• You can use your journal as a general record of your daily life. Or you might prefer to focus on a certain topic such as your garden or your reading or current events. You can write about your experiences, your thoughts, your memories. You can use it to collect material to use in fiction writing and poems. Some people keep notebooks next to their beds and write down their dreams.
  • There's no right or wrong way to keep a journal. The journal is for you, so you get to set the rules. Experiment, try different approaches, different kind of subject matter.
  • If you don't know what to write about, take a walk and make notes on what you observe around you: the buildings and people or the plants and birds, the weather, the look of the sky, the look of the ground (grass? wildflowers? pavement? dirt/pebbles? what color?), the sounds (cars? birds? wind? your own breath?), the smells (cut grass? car exhaust? sweat? wood smoke?), the shards and scraps that collect in the gutters. In every scene, there are an infinite number of details to notice if you pay close enough attention.
  • Another way to generate ideas: take a general theme -- let's say, Fear.
  • Then spend five minutes breaking that theme into subcategories; for example:
    • Things that scare me
    • Things I do when I'm afraid
    • Techniques for overcoming fear, etc.
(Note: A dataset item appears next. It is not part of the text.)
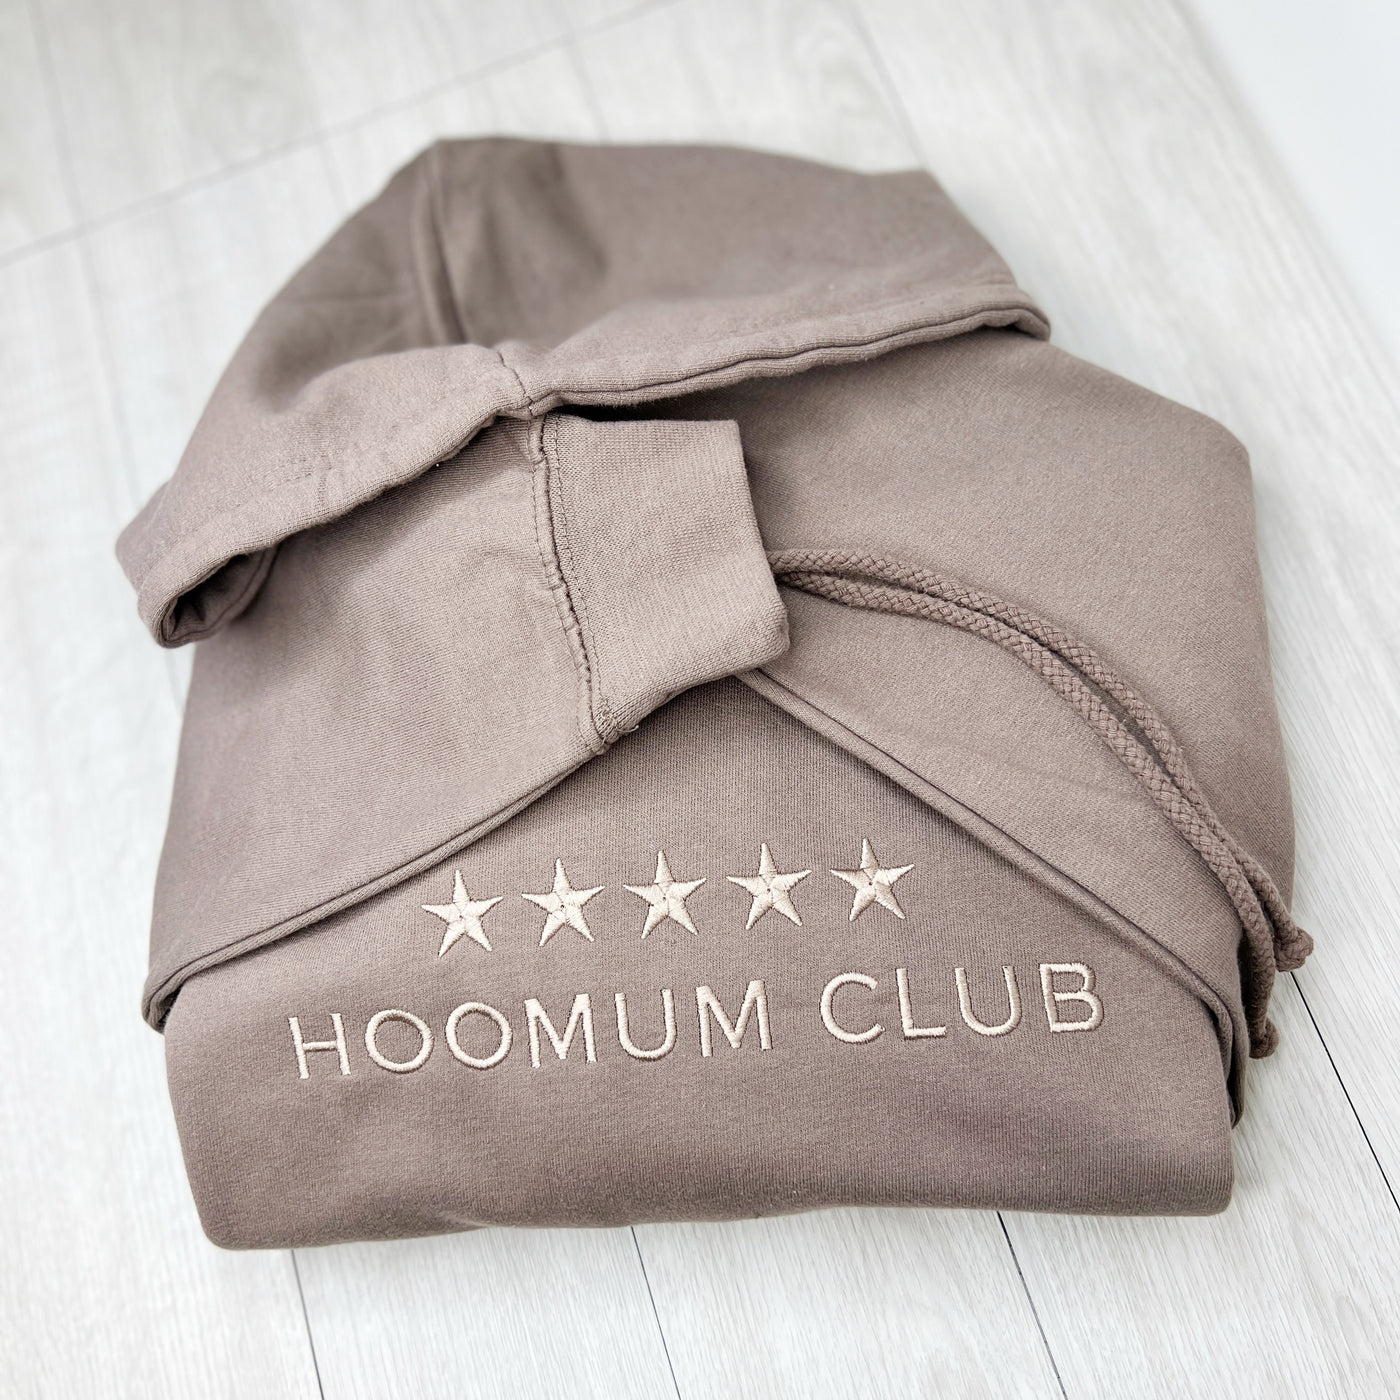 NEW 5* Hoomum Club Hoodies

  • If you want, you can break some of those into even smaller categories. For example, "Things that scare me" could be subdivided further:
    • Scary movies
    • My nightmares
    • Irrational fears and superstitions
    • Fear of failure
    • People I'm afraid of, etc.
  • Each item in your list is a topic that you can write about in your journal. With this system, in less than an hour, you can come up with enough writing topics for a whole year of journaling.